La fusion absorption de Suez par Gaz de France est inattendue !

Inattendue parce qu’il est rare que les petits mangent les gros. Inattendue parce qu’il est encore plus rare que les entreprises publiques absorbent des entreprises privées en bonne santé.

Pour autant doit on se précipiter dans une critique convenue à droite comme à gauche.

Certainement pas ! Pour une fois que nous sommes à la manœuvre ne boudons pas notre plaisir.

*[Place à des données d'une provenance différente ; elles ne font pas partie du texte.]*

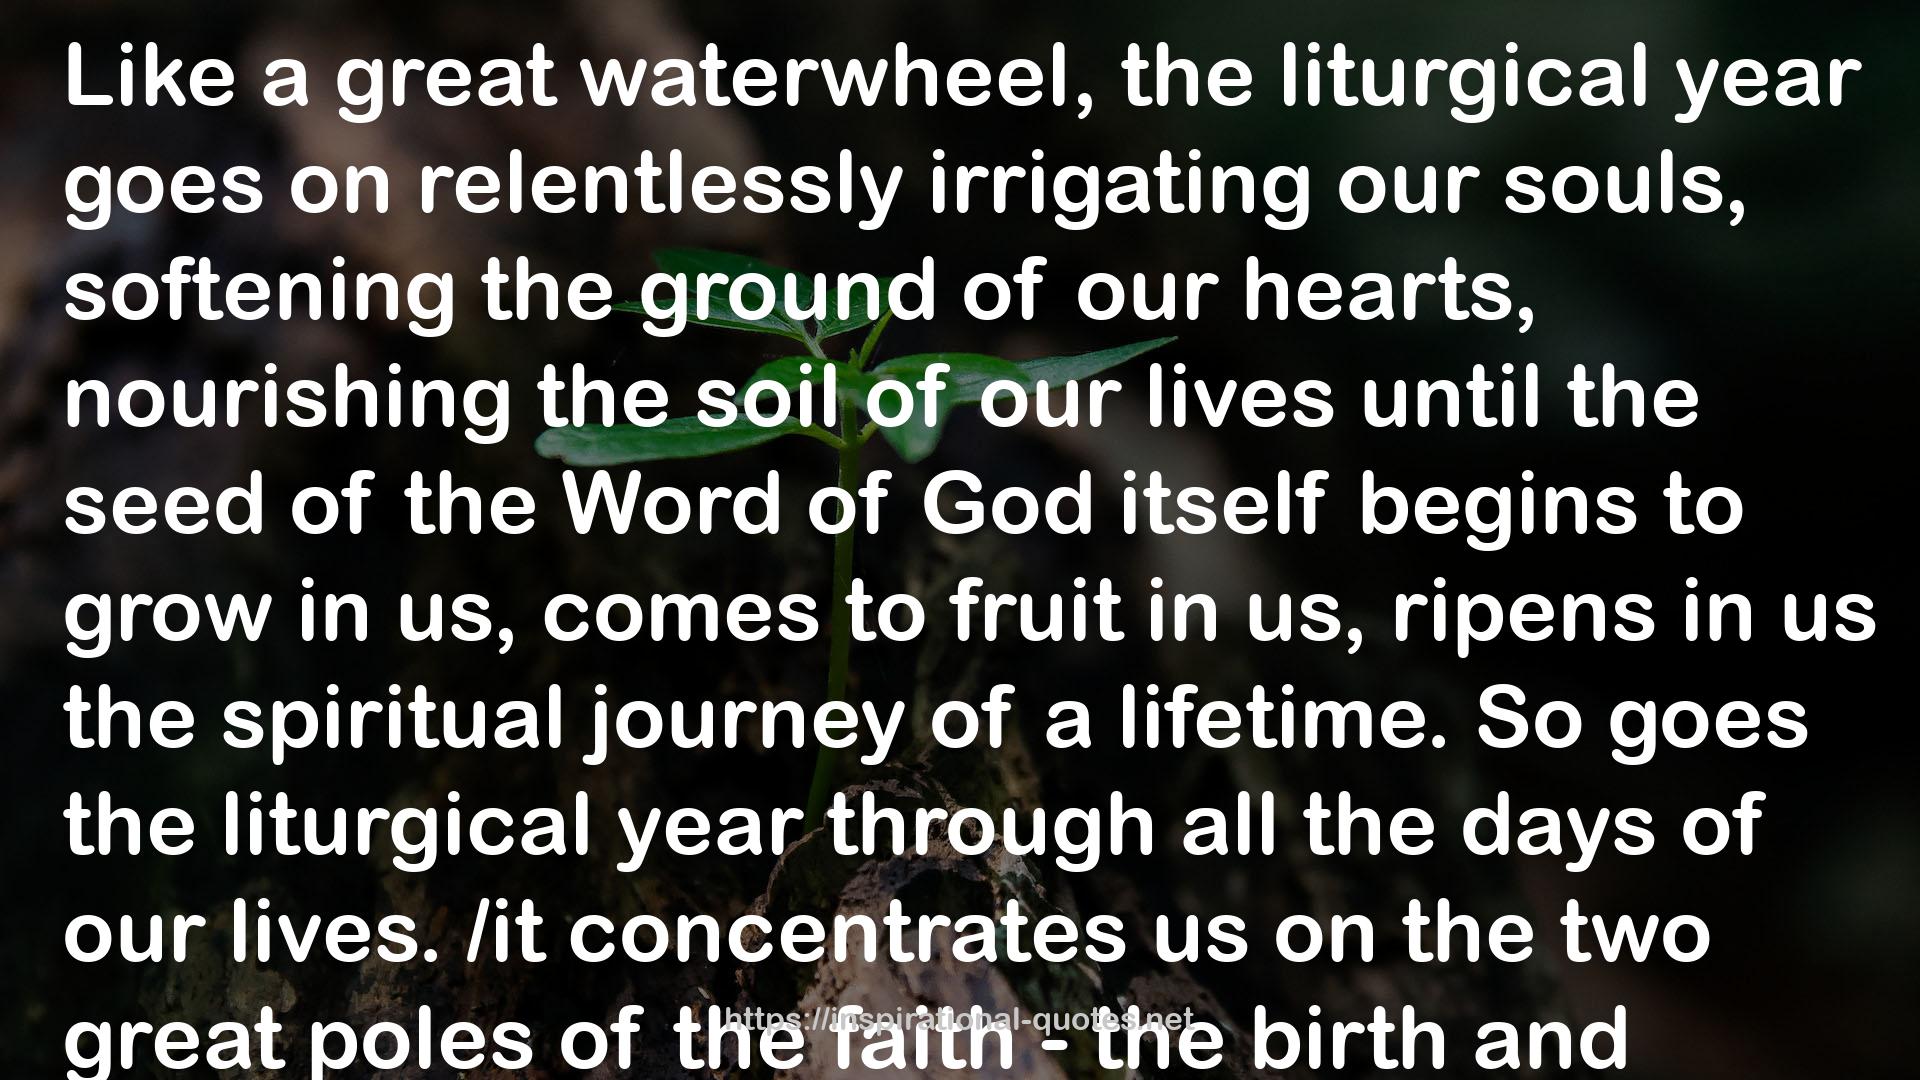 The Liturgical Year: The Spiraling Adventure of the Spiritual Life - The Ancient Practices Series QUOTES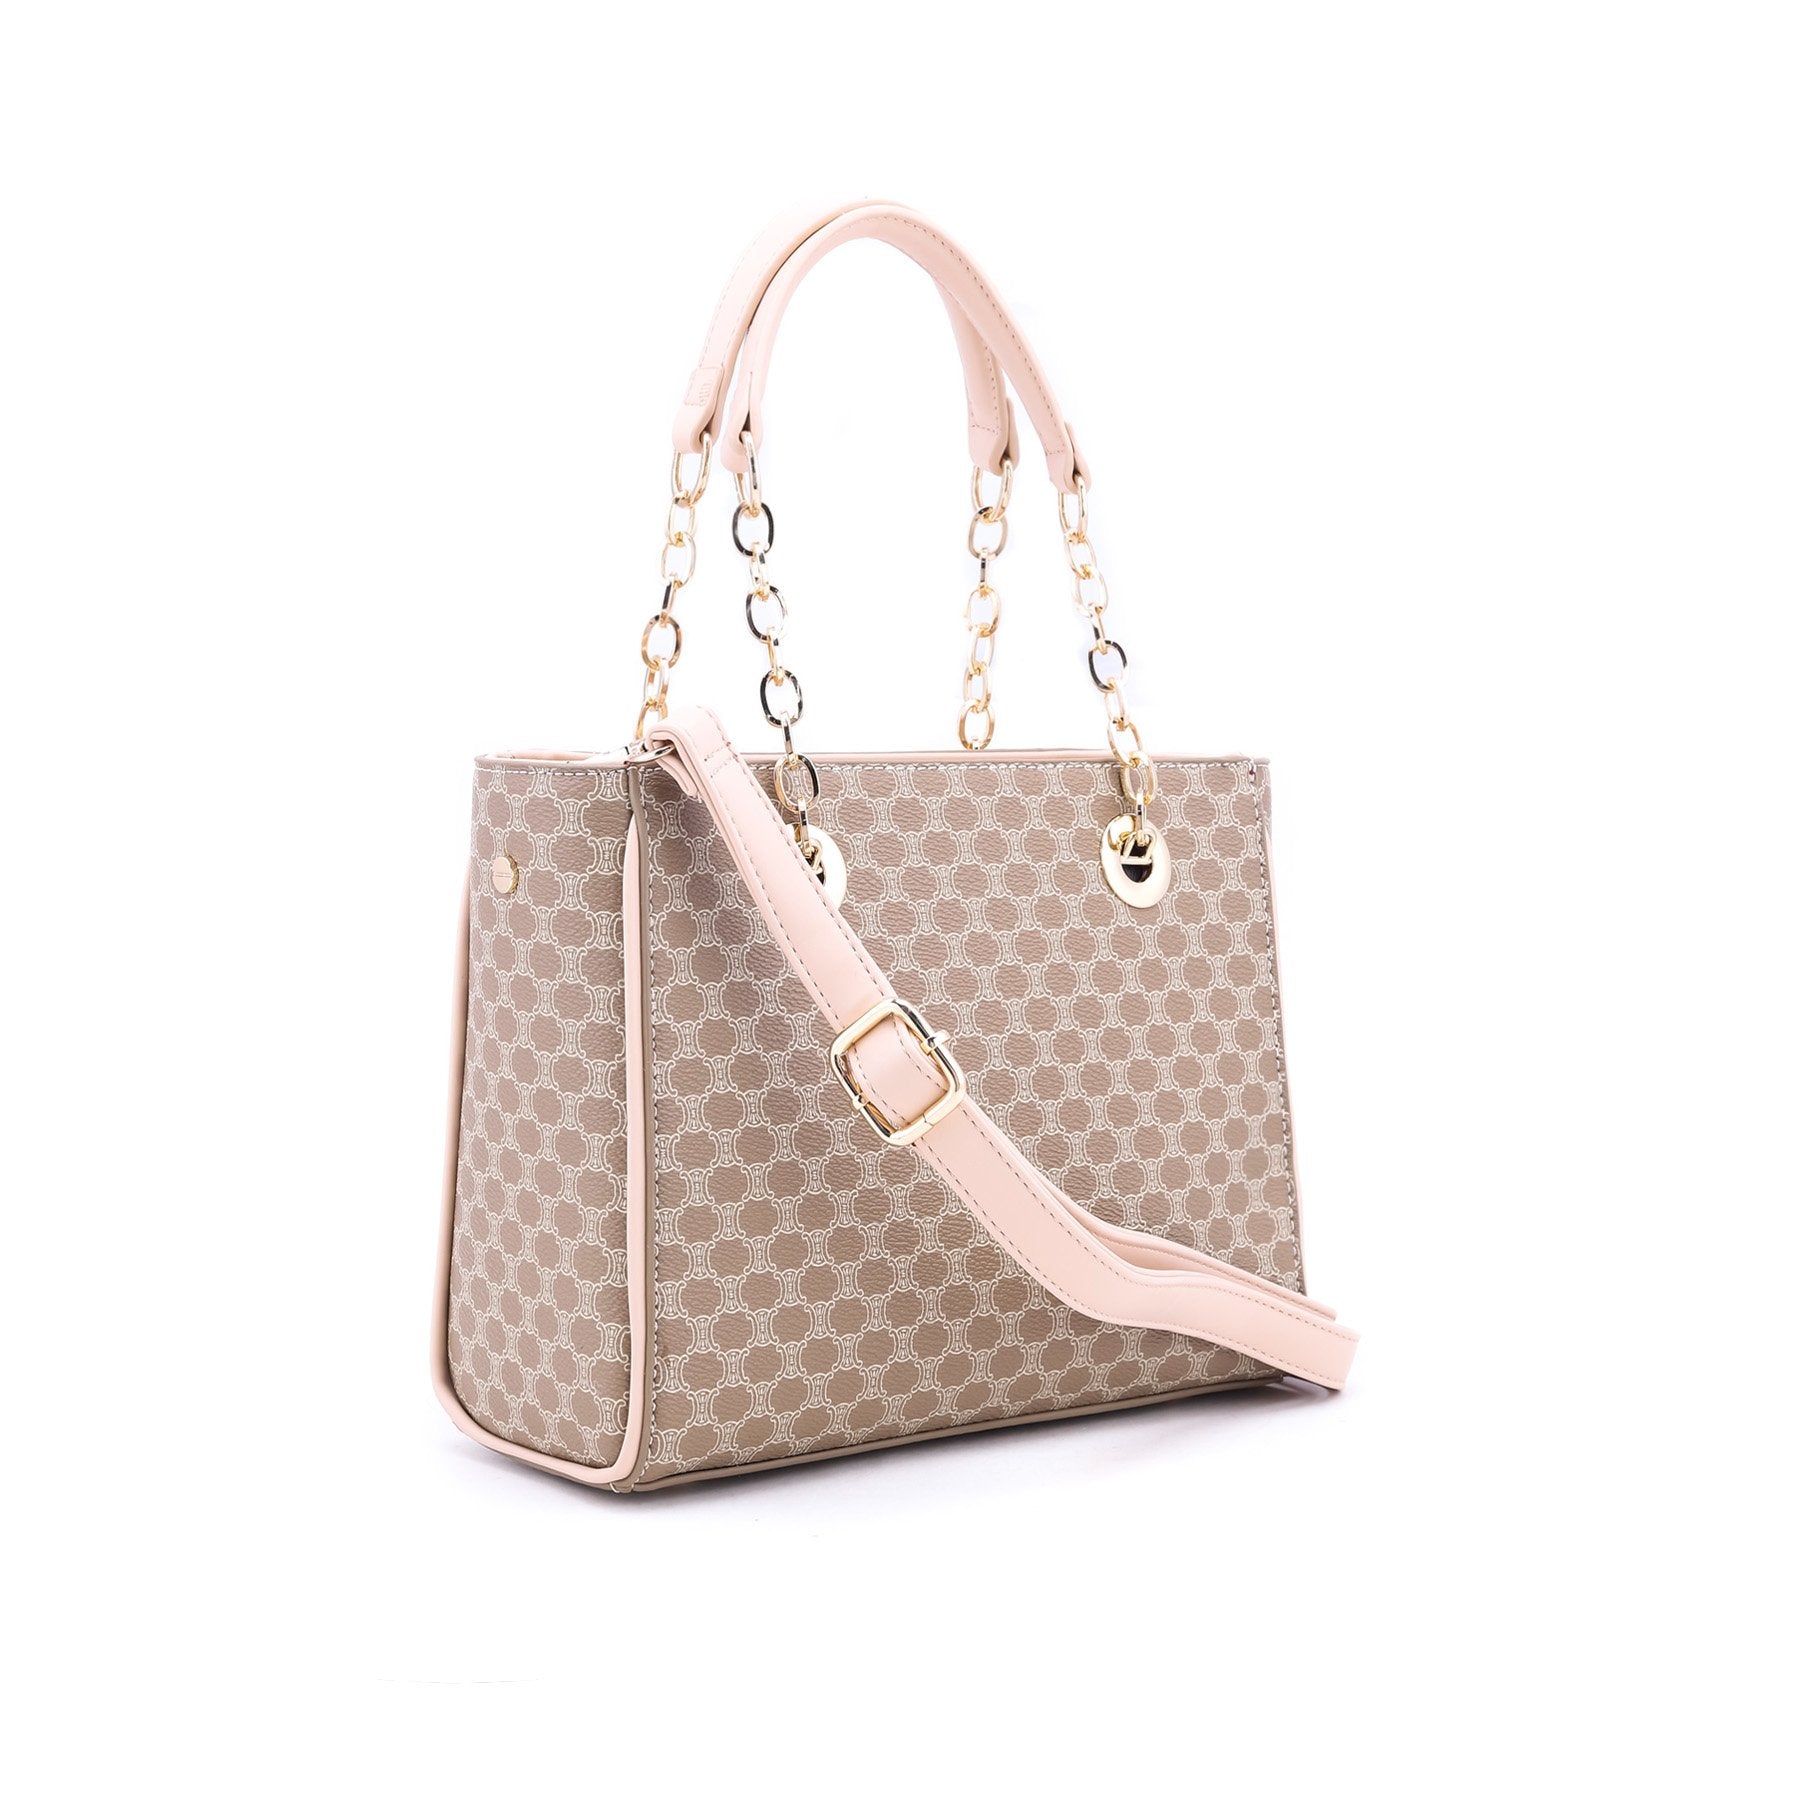 Fawn Color Formal Hand Bag P35001

Voyons les arguments de la gauche : La décision serait précipitée : Cet argument ne vaut rien. Nul n’ignore que des discussions étaient en cours depuis plusieurs mois entre les deux entreprises. Le débat qui s’engage va durer plusieurs semaines et s’achever au parlement. La réactivité est capitale dans la bataille économique mondiale. Je comprends que les admirateurs de la loi de modernisation sociale et les apprentis sorciers des 35 heures rêvent d’une économie planifiée, mais ils se trompent de siècle ! La participation de l’Etat dans GDF va descendre en dessous de 50% : Qui pouvait penser le contraire ? Certainement pas les socialistes qui ont achevé sans état d’âme, la privatisation de France Télécom que j’avais engagée et qu’ils ont combattue avec une outrance qui fait sourire quand on pense aux bénéfices que l’ensemble de la société française a retiré de l’introduction de la concurrence dans les télécoms. Nous nous traînions aux derniers rangs des nations développées pour les usagesde l'Internet, nous sommes désormais en tête des pays européens pour le haut débit !  Le statut des personnels de GDF est menacé : Il y a eu des engagements de pris à leur égard. Ils doivent être respectés. C’est une question de confiance. Mais pour l’avenir, il n’existe aucune raison sérieuse qui doive conduire à maintenir indéfiniment des statuts différents pour des hommes et des femmes qui font le même métier dans un secteur concurrentiel.

 

Voyons maintenant les arguments des libéraux : C’est Suez qui devrait absorber GDF : Pourquoi toujours vouloir des schémas théoriques qui ne sont pas « faisables ». Chacun sait qu’aujourd’hui cette option n’est pas ouverte. En raison de la loi, des engagements qui ont été pris et de l’évolution lente des esprits. Si la fusion absorption de Suez par GDF conduit à la constitution d’un grand groupe privé qui n’aura comme seul objectif de réussir sur un marché ouvert, nous aurons fait un immense progrès. On pourrait aller plus vite. C’est vrai, mais l’essentiel c’est d’être en mouvement dans la bonne direction.  Cette opération relève du Colbertisme économique : Et alors ! Il n’y aucune stratégie industrielle en Allemagne ? Les Etats-Unis ont-ils, jusqu’à aujourd’hui, accepter que des entreprises françaises réalisent leurs centrales nucléaires, les Anglais que nous construisions leurs porte-avions ? La tutelle de Bercy sera un handicap pour le nouveau groupe : Argument recevable. J’attends avec impatience de connaître les accords et de savoir qui sera le patron du nouveau groupe.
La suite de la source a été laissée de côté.